[THE DATA]:
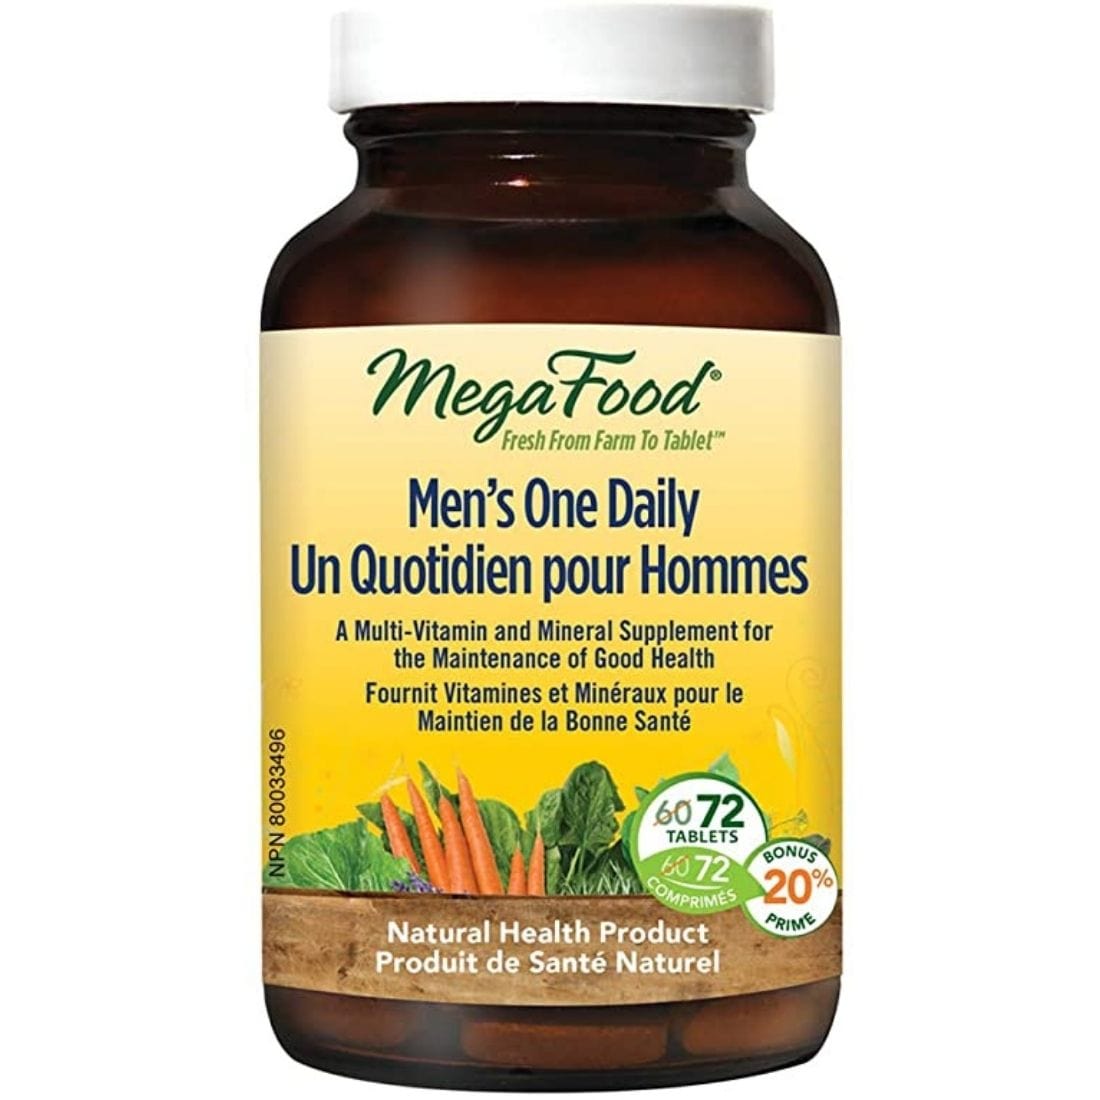 MegaFood Men's One Daily Multivitamin & Mineral
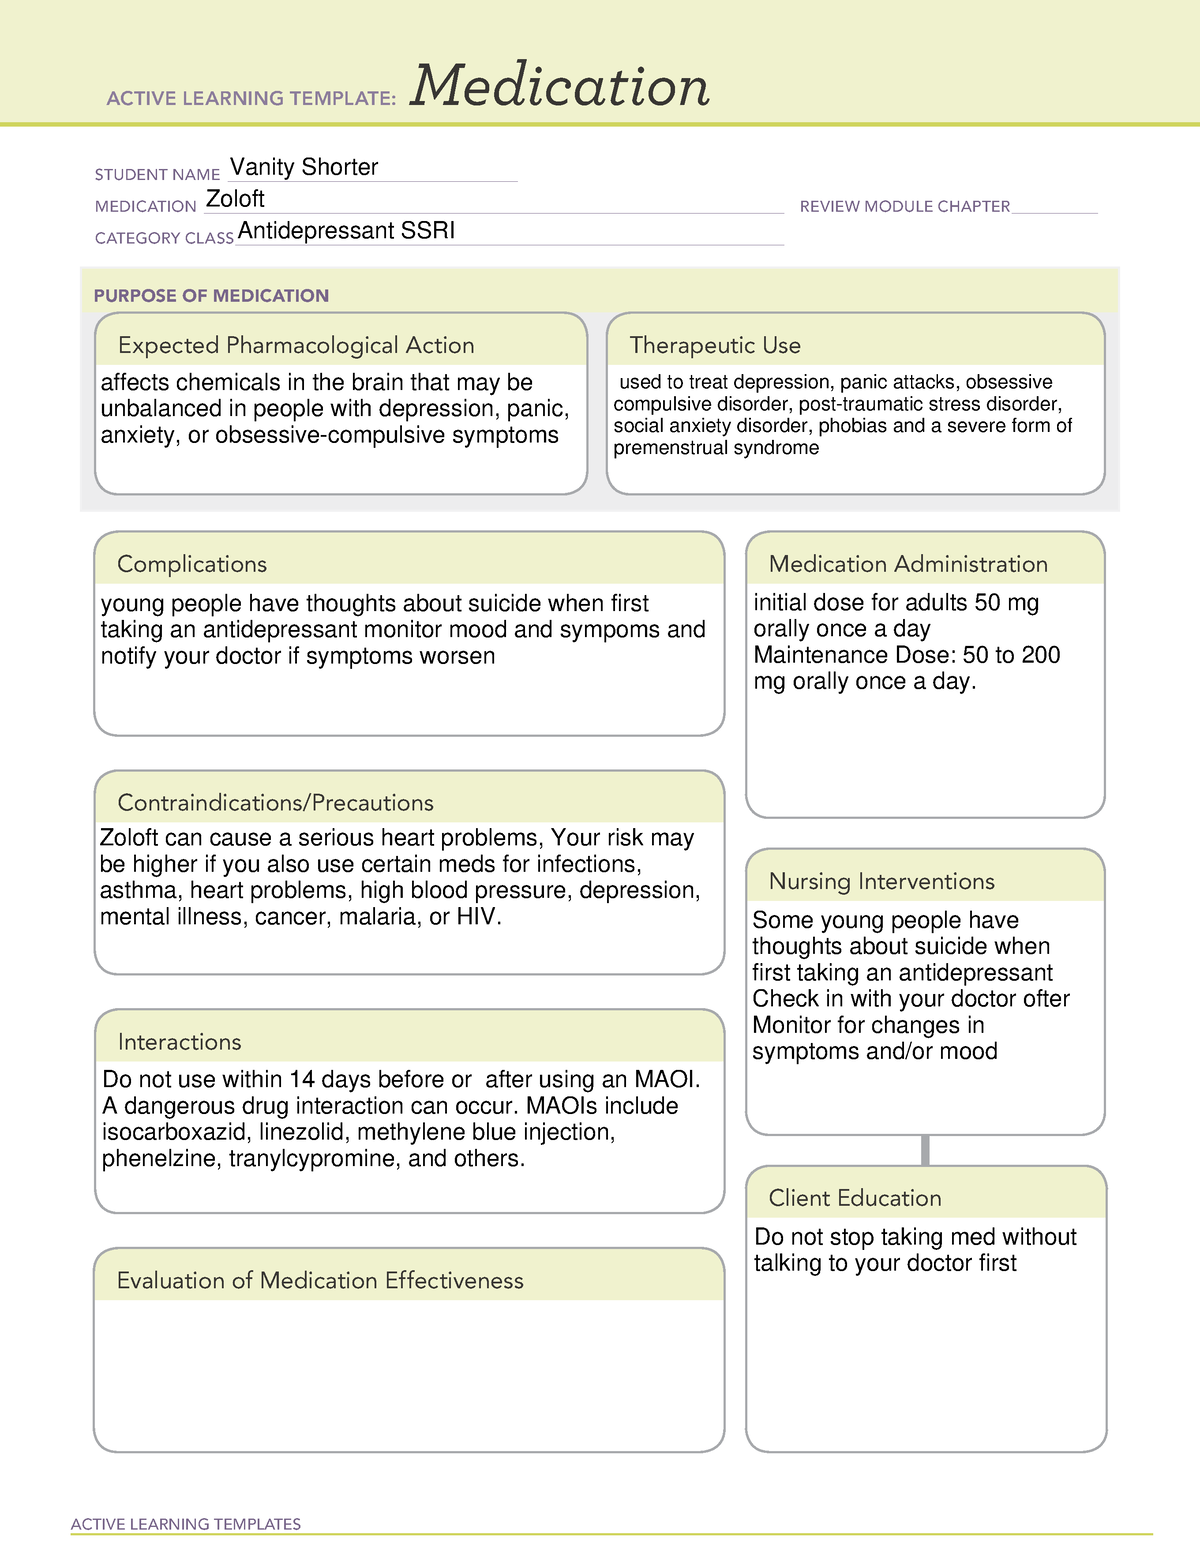 zoloft-ssri-psych-med-active-learning-templates-medication-student
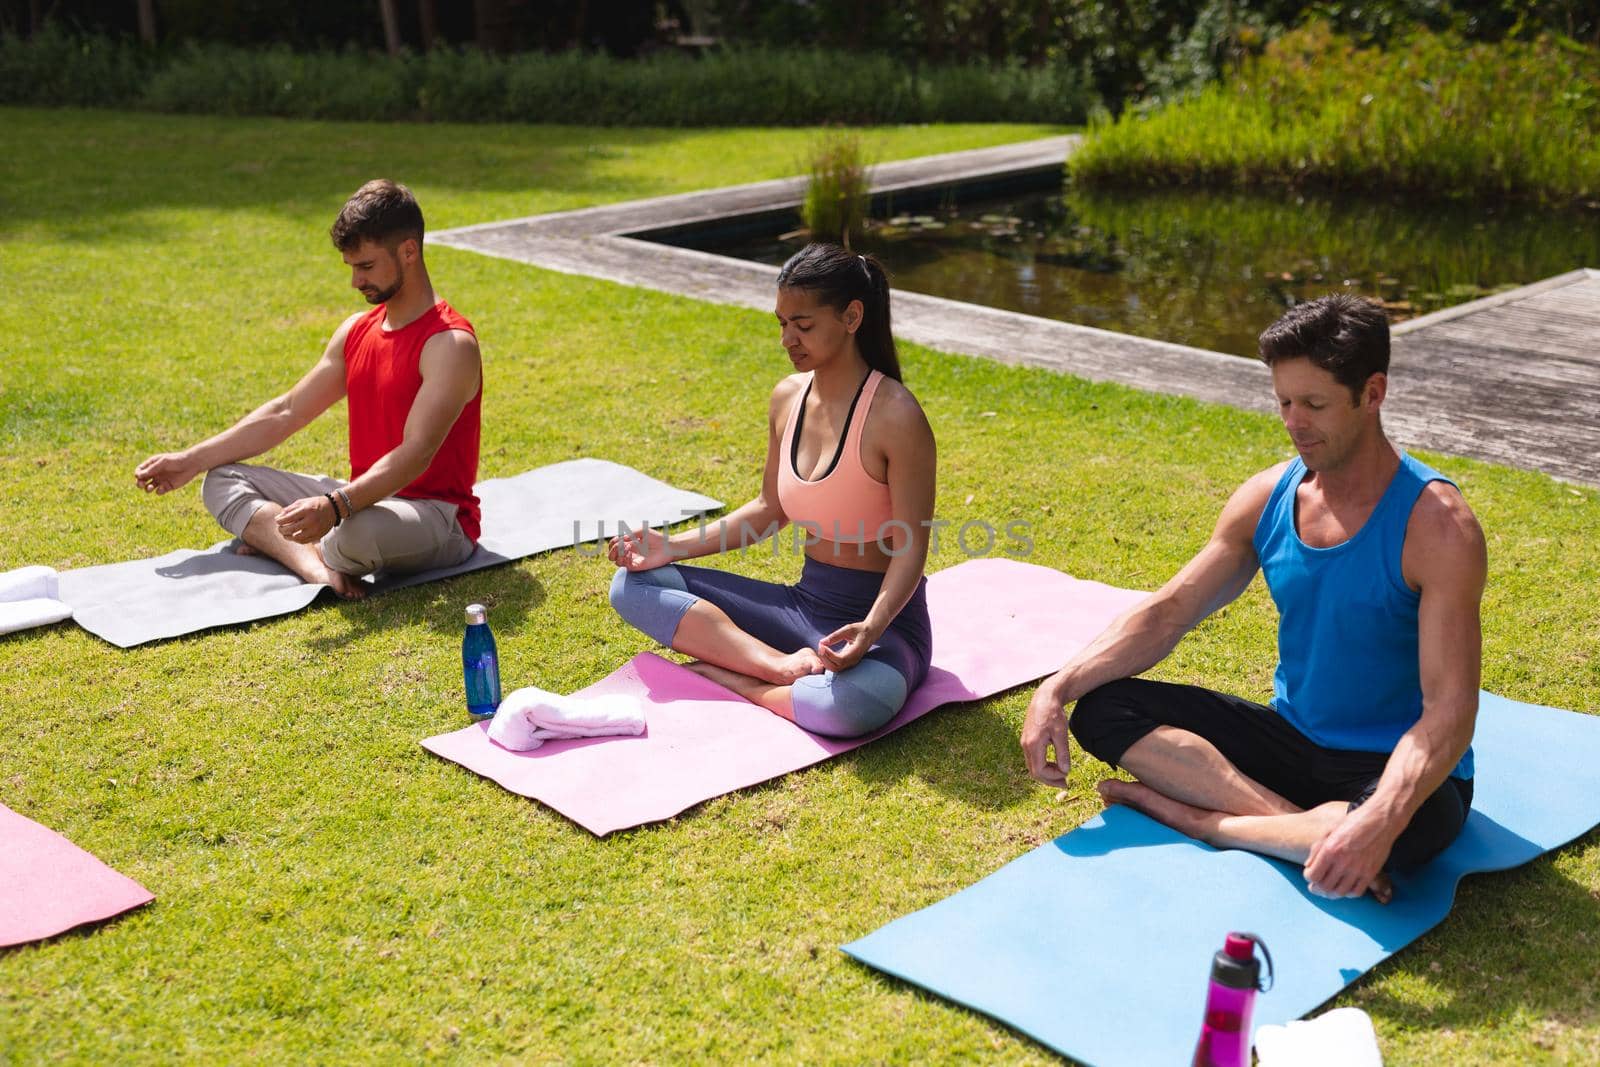 Men and woman in sportswear meditating on exercise mats in park. yoga, healthy lifestyle and body care.

[BRIEF]: Reproduce the material above in full, images excluded.

[EXERCISE ANSWER]:
 MegaFood Men's One Daily Multivitamin & Mineral
 zoloft-ssri-psych-med-active-learning-templates-medication-student
 Men and woman in sportswear meditating on exercise mats in park. yoga, healthy lifestyle and body care.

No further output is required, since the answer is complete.